Start of Exercise data

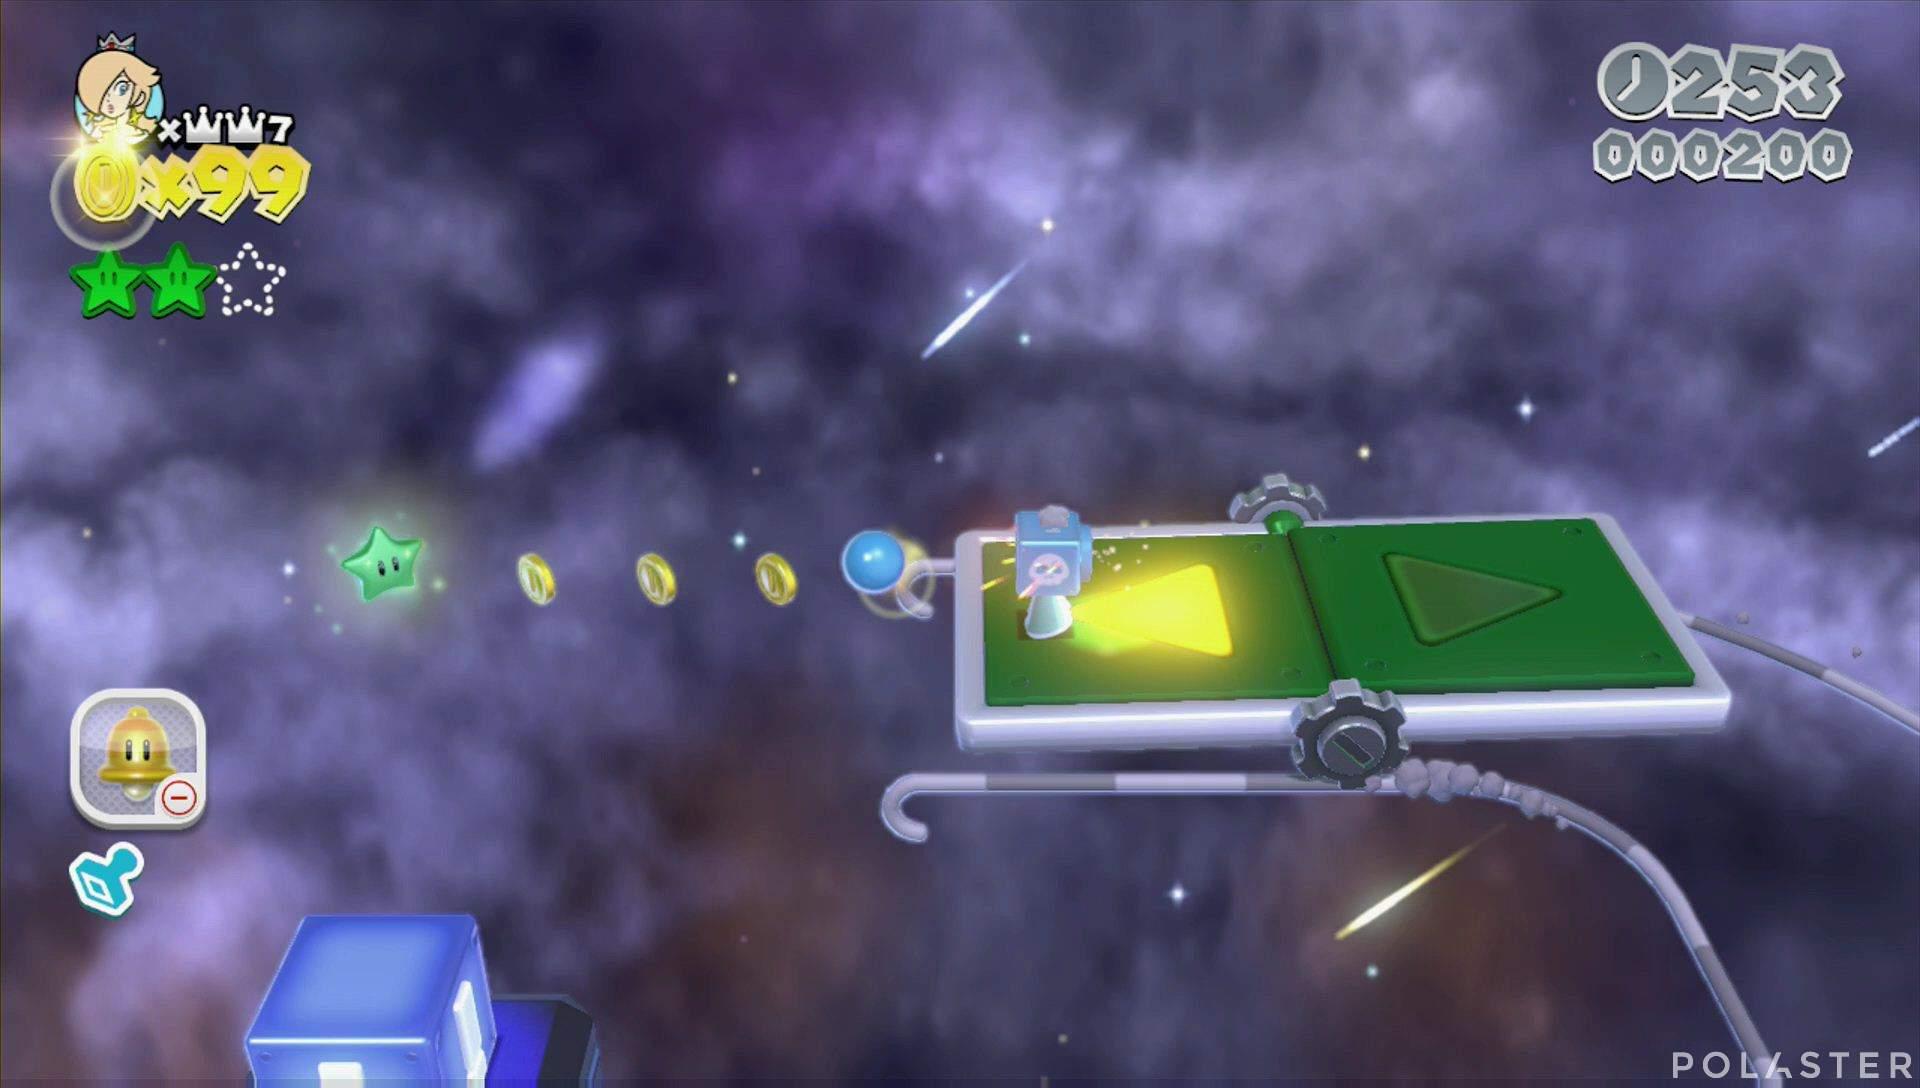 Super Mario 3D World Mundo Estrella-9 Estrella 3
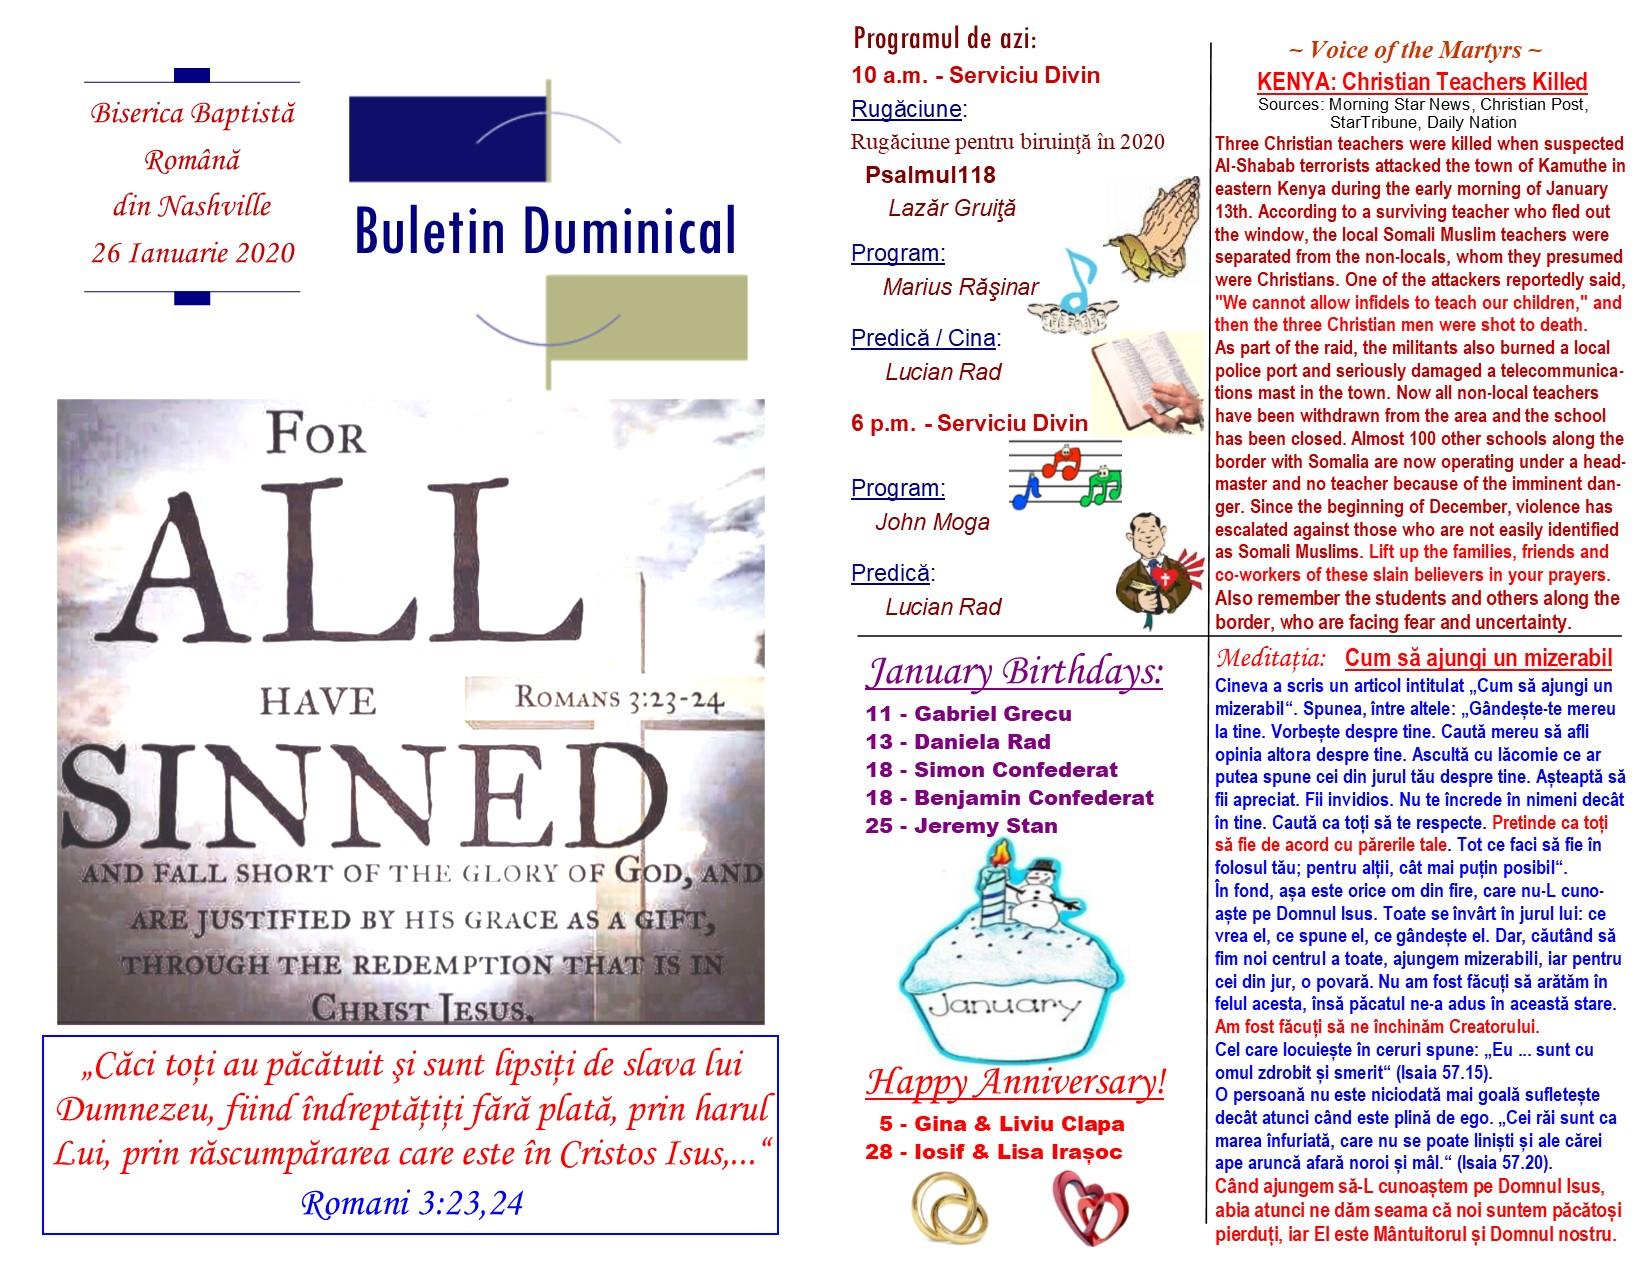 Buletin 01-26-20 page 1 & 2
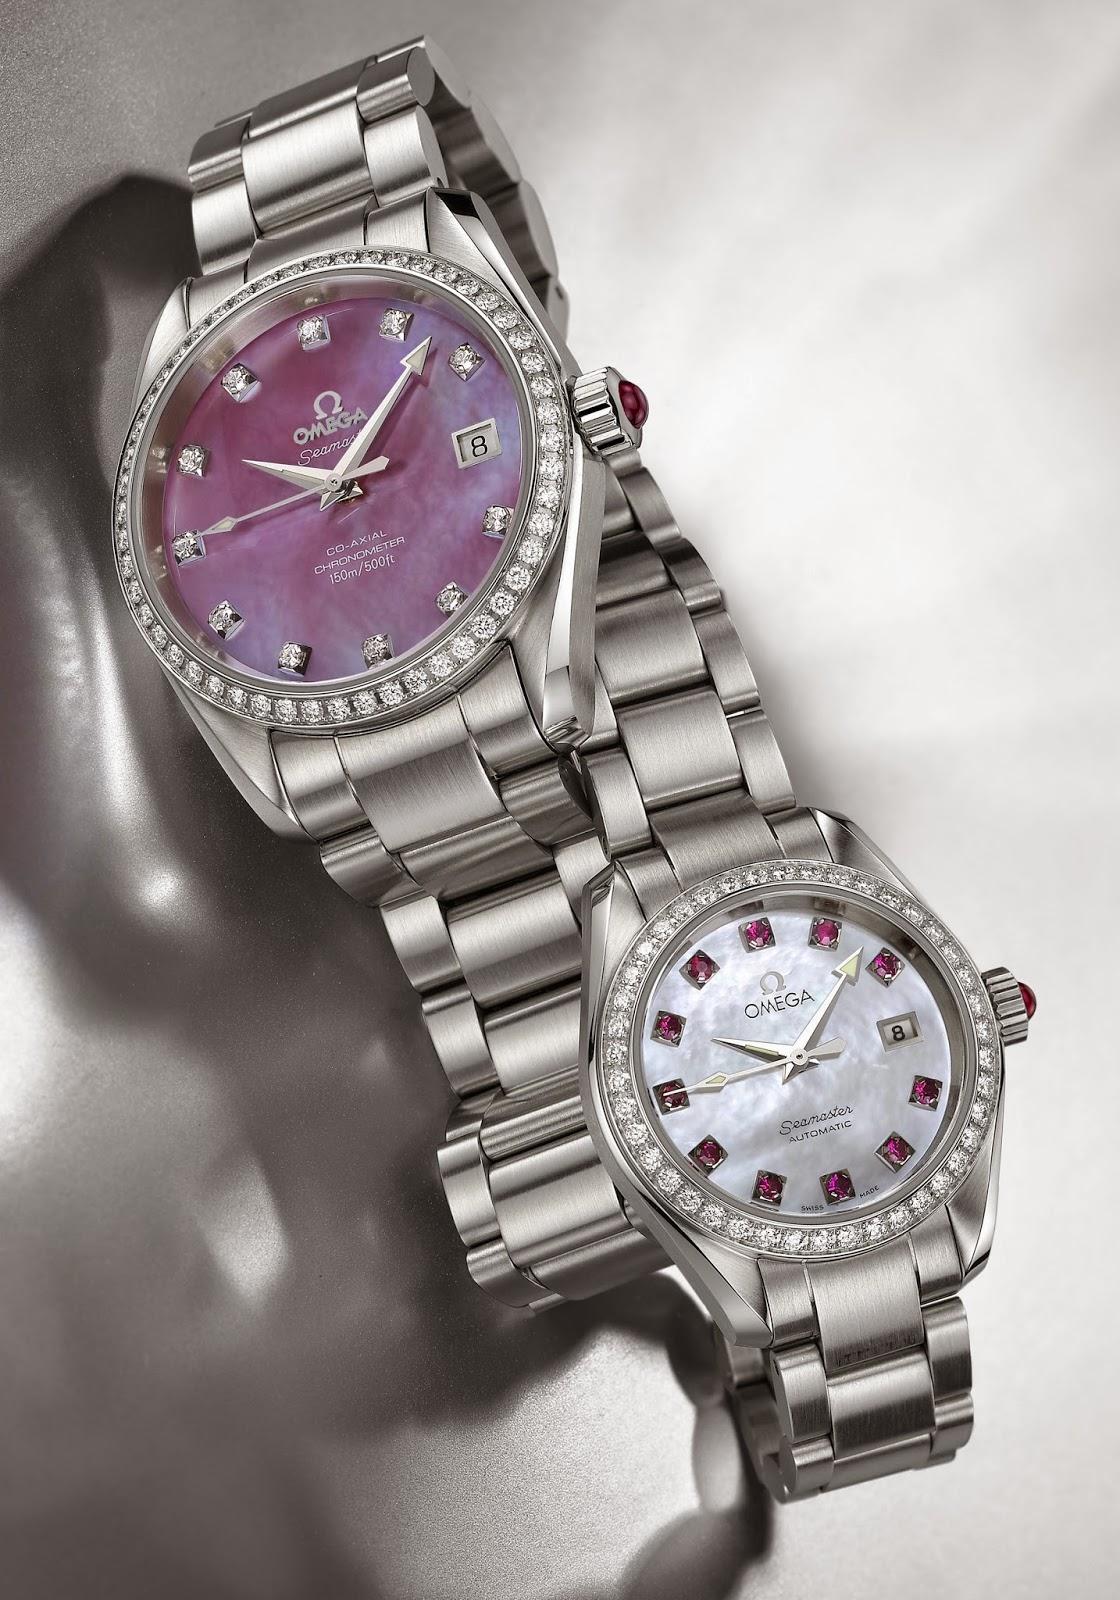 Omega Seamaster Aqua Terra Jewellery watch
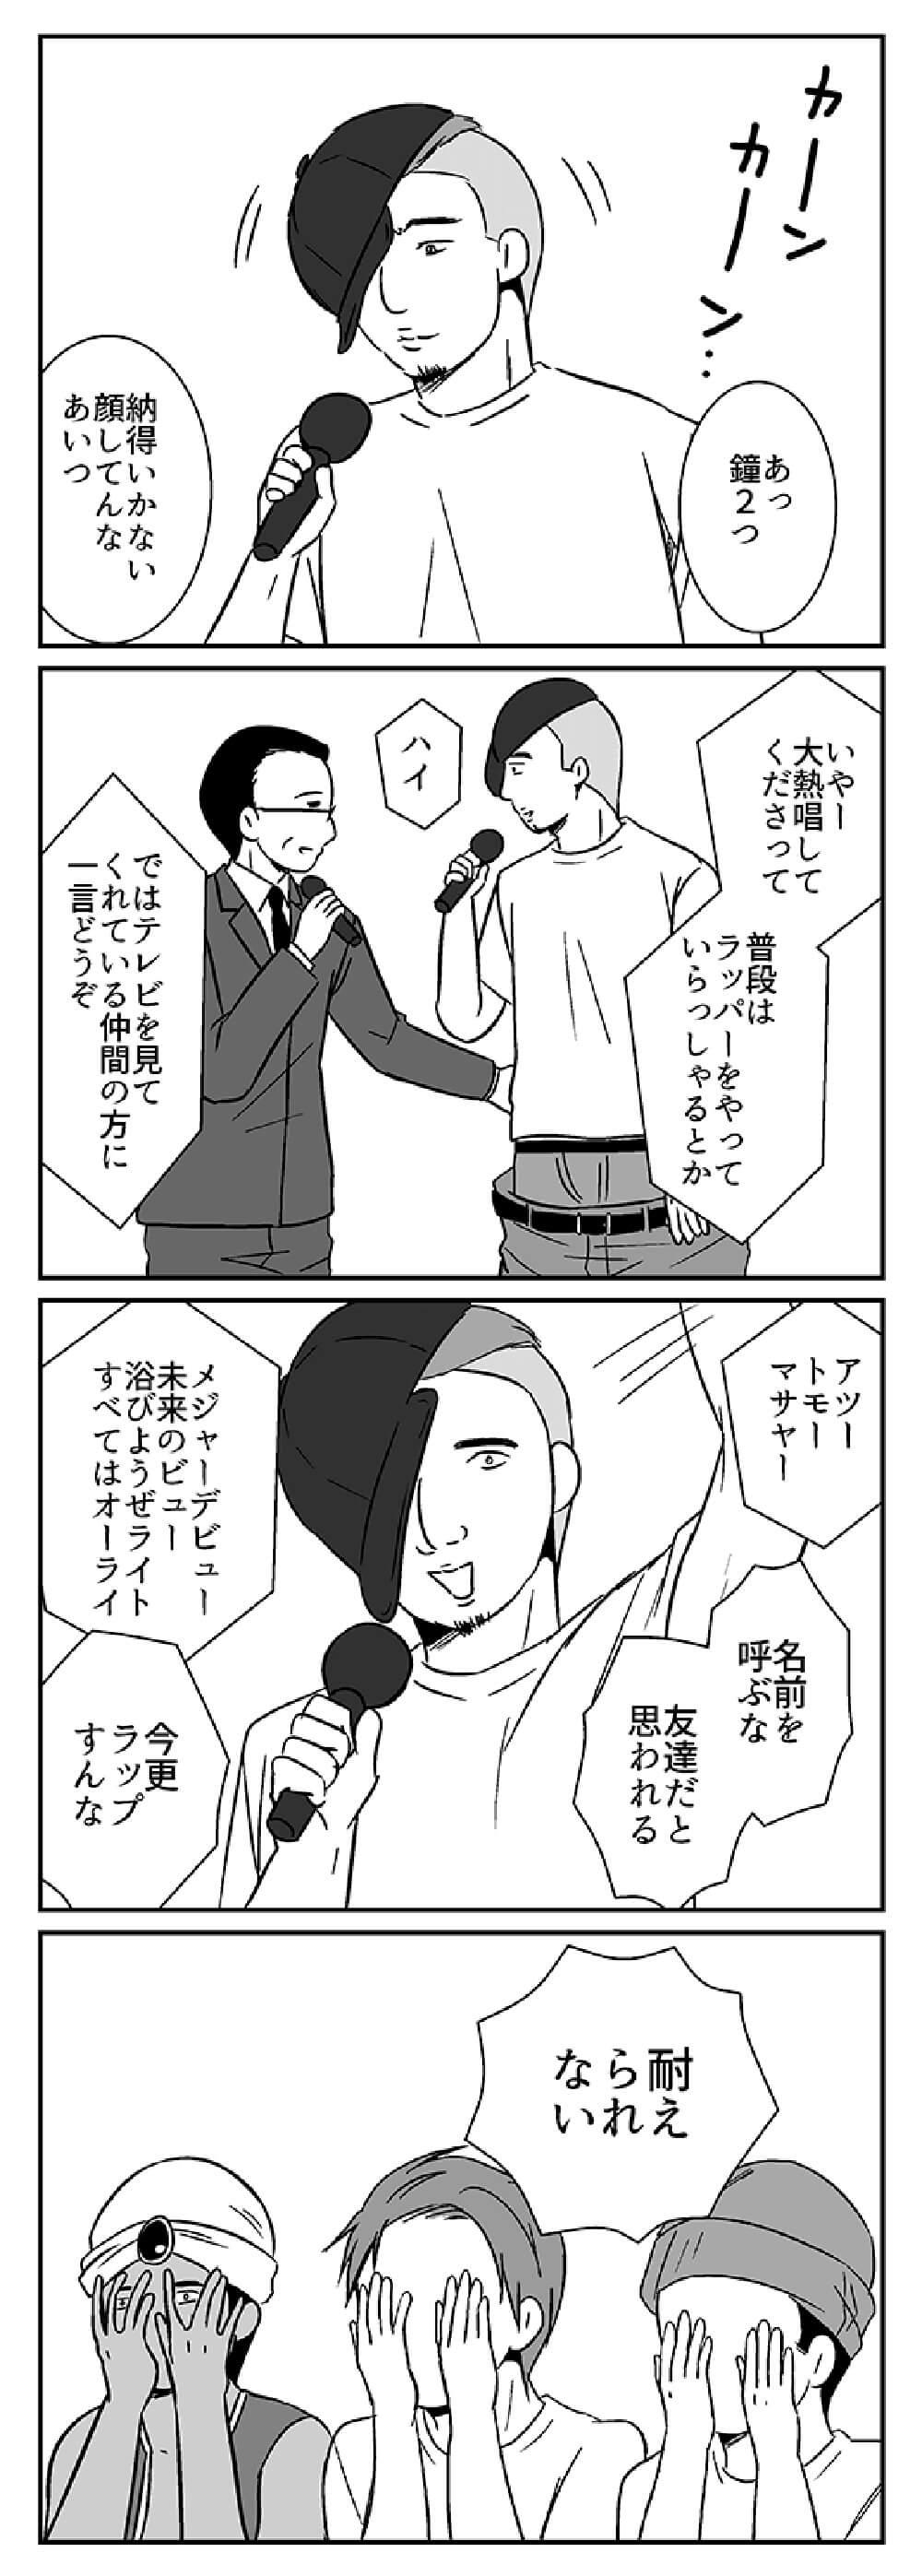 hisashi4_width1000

End of Exercise data

Line by line, restate the data above exactly as it stands, minus the pictures.

Answer space –
 Super Mario 3D World Mundo Estrella-9 Estrella 3
 Buletin 01-26-20 page 1 & 2
 Omega Seamaster Aqua Terra Jewellery watch
 hisashi4_width1000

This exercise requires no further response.